Permutations

Given a collection of distinct numbers, return all possible permutations.

For example,
[1,2,3] have the following permutations:
[1,2,3], [1,3,2], [2,1,3], [2,3,1], [3,1,2], and [3,2,1].

解：

class Solution {
public:
    vector< vector<int> > res;
    vector<vector<int>> permute(vector<int>& nums) {
        int length=nums.size();
        if(length==0)return vector< vector<int> >();
        if(length==1)return vector< vector<int> >{nums};
        vector<int> prev;
        permute(nums,prev);
        return res;

    }
    void permute(vector<int>& nums,vector<int>& prev)  //nums是还剩下的数字的数组，prev是已经排好的数组
    {
        int n=nums.size();
        if(n==1){
            prev.push_back(nums[0]);
            res.push_back(prev);

        }
        for(int i=0;i<n;++i)
        {
            vector<int> tmp(nums);
            vector<int> tmp_pre(prev);
            tmp_pre.push_back(*(tmp.begin()+i));
            tmp.erase(tmp.begin()+i);
            permute(tmp,tmp_pre);
        }
    }
};

class Solution {
public:
    vector<vector<int> > permute(vector<int> &num) {
        vector<vector<int> > result;

        permuteRecursive(num, 0, result);
        return result;
    }

    // permute num[begin..end]
    // invariant: num[0..begin-1] have been fixed/permuted
    void permuteRecursive(vector<int> &num, int begin, vector<vector<int> > &result)    {
        if (begin >= num.size()) {
            // one permutation instance
            result.push_back(num);
            return;
        }

        for (int i = begin; i < num.size(); i++) {
            swap(num[begin], num[i]);
            permuteRecursive(num, begin + 1, result);
            // reset
            swap(num[begin], num[i]);
        }
    }
};

还有一种

the basic idea is, to permute n numbers, we can add the nth number into the resulting List<List<Integer>> from the n-1 numbers, in every possible position.

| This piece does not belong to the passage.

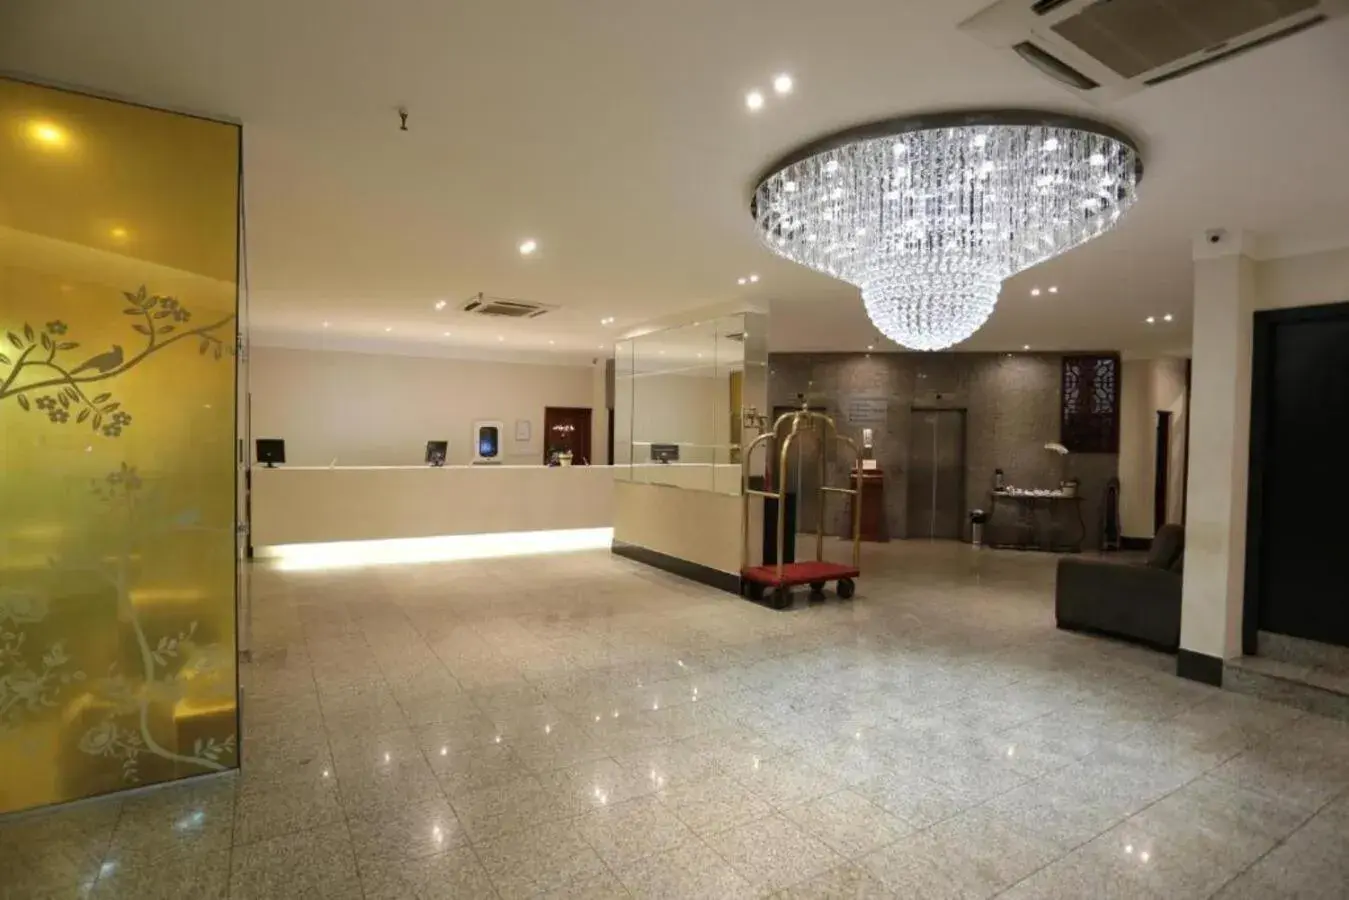 Lobby or reception, Lobby/Reception in Taiwan Hotel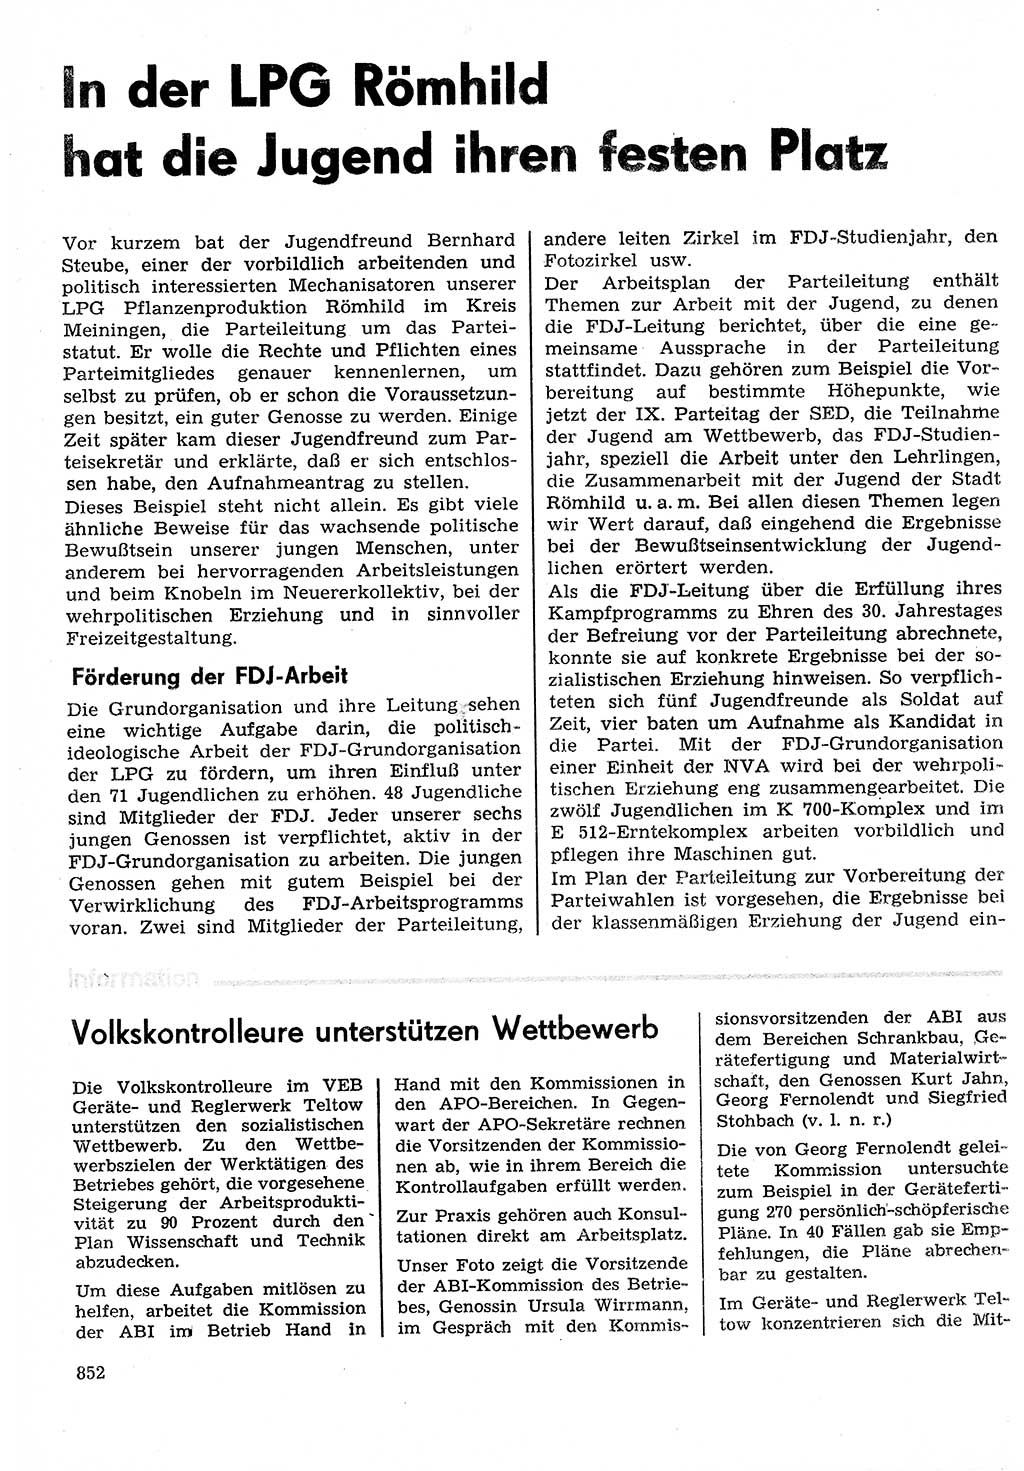 Neuer Weg (NW), Organ des Zentralkomitees (ZK) der SED (Sozialistische Einheitspartei Deutschlands) für Fragen des Parteilebens, 30. Jahrgang [Deutsche Demokratische Republik (DDR)] 1975, Seite 852 (NW ZK SED DDR 1975, S. 852)

For example, if the input num[] is {1,2,3}: First, add 1 into the initial List<List<Integer>> (let's call it "answer").

Then, 2 can be added in front or after 1. So we have to copy the List in answer (it's just {1}), add 2 in position 0 of {1}, then copy the original {1} again, and add 2 in position 1. Now we have an answer of {{2,1},{1,2}}. There are 2 lists in the current answer.

Then we have to add 3. first copy {2,1} and {1,2}, add 3 in position 0; then copy {2,1} and {1,2}, and add 3 into position 1, then do the same thing for position 3. Finally we have 2*3=6 lists in answer, which is what we want.

public List<List<Integer>> permute(int[] num) {
    List<List<Integer>> ans = new ArrayList<List<Integer>>();
    if (num.length ==0) return ans;
    List<Integer> l0 = new ArrayList<Integer>();
    l0.add(num[0]);
    ans.add(l0);
    for (int i = 1; i< num.length; ++i){
        List<List<Integer>> new_ans = new ArrayList<List<Integer>>(); 
        for (int j = 0; j<=i; ++j){            
           for (List<Integer> l : ans){
               List<Integer> new_l = new ArrayList<Integer>(l);
               new_l.add(j,num[i]);
               new_ans.add(new_l);
           }
        }
        ans = new_ans;
    }
    return ans;
}

还可以直接用 algorithm 标准库里面的next_permutation 函数

vector<vector<int> > permute(vector<int> &num) {
    vector<vector<int> > ans;
    sort(num.begin(), num.end());
    ans.push_back(num);

    while(next_permutation(num.begin(), num.end()))
        ans.push_back(num);
    return ans;
}